Copy out, word for word, the lines from the start of the data below through the line containing "See TO LEVEL", and no others.

______________________________

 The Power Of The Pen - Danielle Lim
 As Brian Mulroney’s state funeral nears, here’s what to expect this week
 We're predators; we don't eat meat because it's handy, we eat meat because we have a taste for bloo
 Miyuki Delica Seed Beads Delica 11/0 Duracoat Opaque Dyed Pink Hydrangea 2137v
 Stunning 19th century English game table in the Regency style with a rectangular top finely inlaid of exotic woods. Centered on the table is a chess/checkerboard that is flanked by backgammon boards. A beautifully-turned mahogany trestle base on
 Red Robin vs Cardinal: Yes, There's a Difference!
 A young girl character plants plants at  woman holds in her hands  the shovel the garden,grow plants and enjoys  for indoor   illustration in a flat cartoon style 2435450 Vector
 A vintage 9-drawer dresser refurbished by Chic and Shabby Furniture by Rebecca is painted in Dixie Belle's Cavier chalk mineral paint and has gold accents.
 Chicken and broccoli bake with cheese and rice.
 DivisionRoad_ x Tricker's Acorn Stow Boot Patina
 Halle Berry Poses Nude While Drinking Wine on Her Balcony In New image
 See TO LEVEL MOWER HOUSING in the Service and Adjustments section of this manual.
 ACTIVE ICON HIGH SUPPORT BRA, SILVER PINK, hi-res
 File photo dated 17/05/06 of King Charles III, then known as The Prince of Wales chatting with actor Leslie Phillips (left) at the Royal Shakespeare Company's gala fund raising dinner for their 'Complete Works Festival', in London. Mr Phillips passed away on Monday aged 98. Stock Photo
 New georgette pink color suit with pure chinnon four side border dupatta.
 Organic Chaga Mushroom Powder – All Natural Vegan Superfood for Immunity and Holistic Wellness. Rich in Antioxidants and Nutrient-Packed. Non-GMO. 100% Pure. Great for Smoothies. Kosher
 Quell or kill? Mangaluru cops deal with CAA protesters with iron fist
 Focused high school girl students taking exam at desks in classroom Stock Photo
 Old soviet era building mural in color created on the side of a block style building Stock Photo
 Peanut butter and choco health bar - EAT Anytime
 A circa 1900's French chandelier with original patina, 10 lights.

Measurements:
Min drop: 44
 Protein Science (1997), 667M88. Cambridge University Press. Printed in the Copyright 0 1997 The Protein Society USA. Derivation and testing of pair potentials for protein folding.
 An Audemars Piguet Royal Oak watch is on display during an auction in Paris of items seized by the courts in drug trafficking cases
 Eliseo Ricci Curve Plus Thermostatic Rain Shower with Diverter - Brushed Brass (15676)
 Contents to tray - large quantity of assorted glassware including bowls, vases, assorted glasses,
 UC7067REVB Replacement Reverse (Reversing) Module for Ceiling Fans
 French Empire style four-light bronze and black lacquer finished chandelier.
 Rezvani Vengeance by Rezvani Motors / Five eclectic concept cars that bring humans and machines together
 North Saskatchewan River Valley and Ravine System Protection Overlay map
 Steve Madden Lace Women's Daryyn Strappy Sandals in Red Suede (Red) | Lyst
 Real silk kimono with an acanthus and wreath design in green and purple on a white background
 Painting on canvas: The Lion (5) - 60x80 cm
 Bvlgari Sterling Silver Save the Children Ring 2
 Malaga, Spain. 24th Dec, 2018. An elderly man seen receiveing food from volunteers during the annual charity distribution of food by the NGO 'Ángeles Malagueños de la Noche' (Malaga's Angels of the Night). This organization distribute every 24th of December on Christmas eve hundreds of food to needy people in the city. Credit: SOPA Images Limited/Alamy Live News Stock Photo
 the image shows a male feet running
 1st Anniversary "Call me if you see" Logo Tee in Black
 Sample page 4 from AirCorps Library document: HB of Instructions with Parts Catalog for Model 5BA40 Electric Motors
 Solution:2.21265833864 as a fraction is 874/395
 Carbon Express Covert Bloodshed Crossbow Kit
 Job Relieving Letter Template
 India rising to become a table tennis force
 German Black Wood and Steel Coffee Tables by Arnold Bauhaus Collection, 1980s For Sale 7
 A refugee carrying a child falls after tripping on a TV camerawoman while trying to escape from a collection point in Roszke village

______________________________

Exercise response:
 The Power Of The Pen - Danielle Lim
 As Brian Mulroney’s state funeral nears, here’s what to expect this week
 We're predators; we don't eat meat because it's handy, we eat meat because we have a taste for bloo
 Miyuki Delica Seed Beads Delica 11/0 Duracoat Opaque Dyed Pink Hydrangea 2137v
 Stunning 19th century English game table in the Regency style with a rectangular top finely inlaid of exotic woods. Centered on the table is a chess/checkerboard that is flanked by backgammon boards. A beautifully-turned mahogany trestle base on
 Red Robin vs Cardinal: Yes, There's a Difference!
 A young girl character plants plants at  woman holds in her hands  the shovel the garden,grow plants and enjoys  for indoor   illustration in a flat cartoon style 2435450 Vector
 A vintage 9-drawer dresser refurbished by Chic and Shabby Furniture by Rebecca is painted in Dixie Belle's Cavier chalk mineral paint and has gold accents.
 Chicken and broccoli bake with cheese and rice.
 DivisionRoad_ x Tricker's Acorn Stow Boot Patina
 Halle Berry Poses Nude While Drinking Wine on Her Balcony In New image
 See TO LEVEL MOWER HOUSING in the Service and Adjustments section of this manual.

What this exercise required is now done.